- [Problem to work on]
List all lines of the data that include the string "Destination".

[Dataset entries]
━━━━

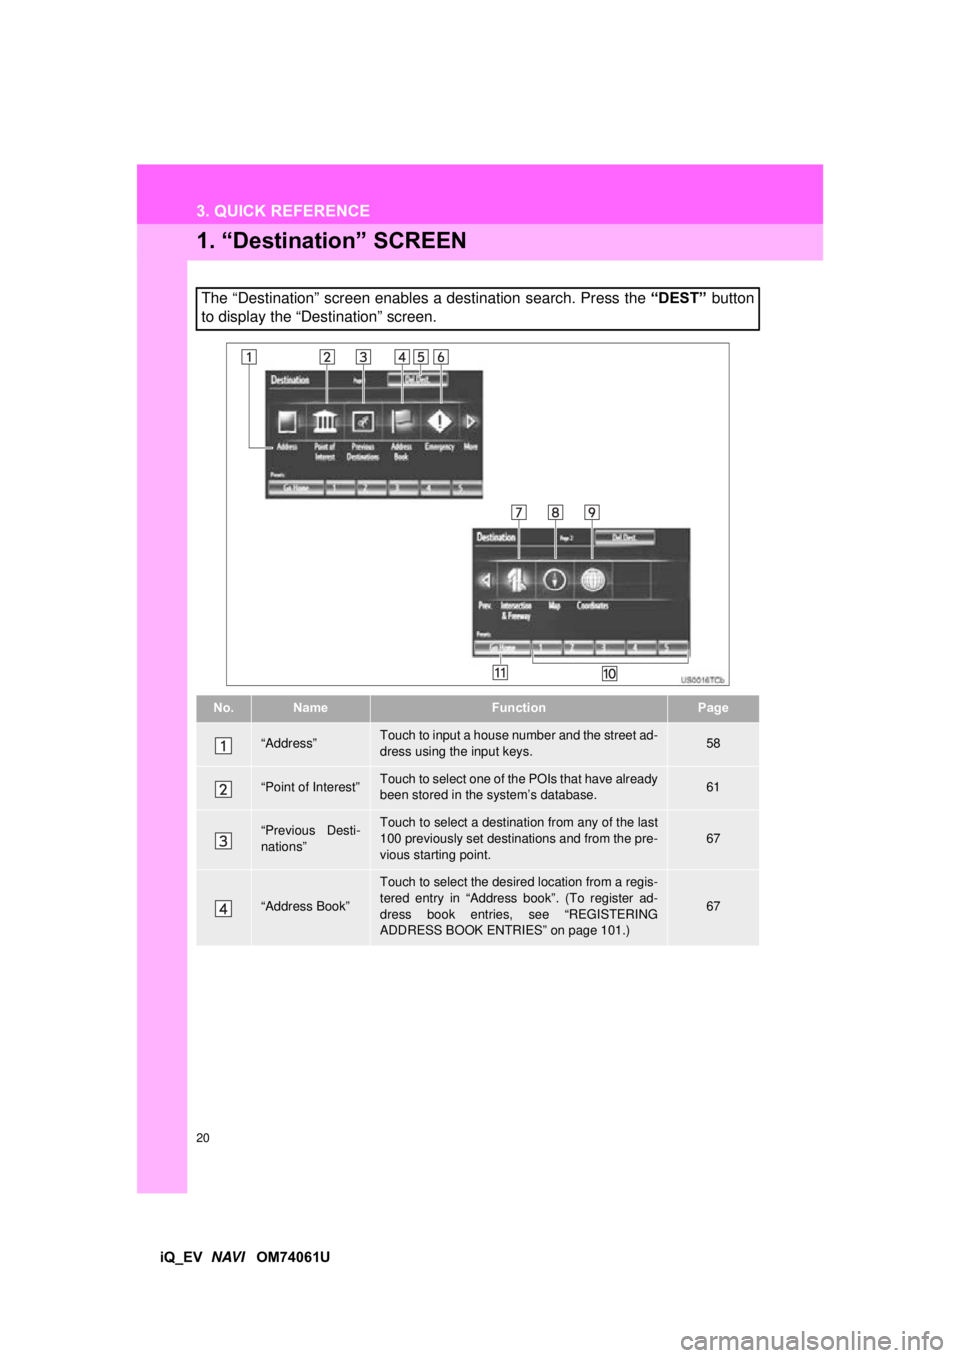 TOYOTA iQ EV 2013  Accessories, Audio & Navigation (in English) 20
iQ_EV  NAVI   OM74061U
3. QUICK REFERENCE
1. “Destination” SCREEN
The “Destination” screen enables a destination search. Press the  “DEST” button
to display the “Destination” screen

━━━━

- [Response to the task]
1. “Destination” SCREEN
The “Destination” screen enables a destination search. Press the  “DEST” button
to display the “Destination” screen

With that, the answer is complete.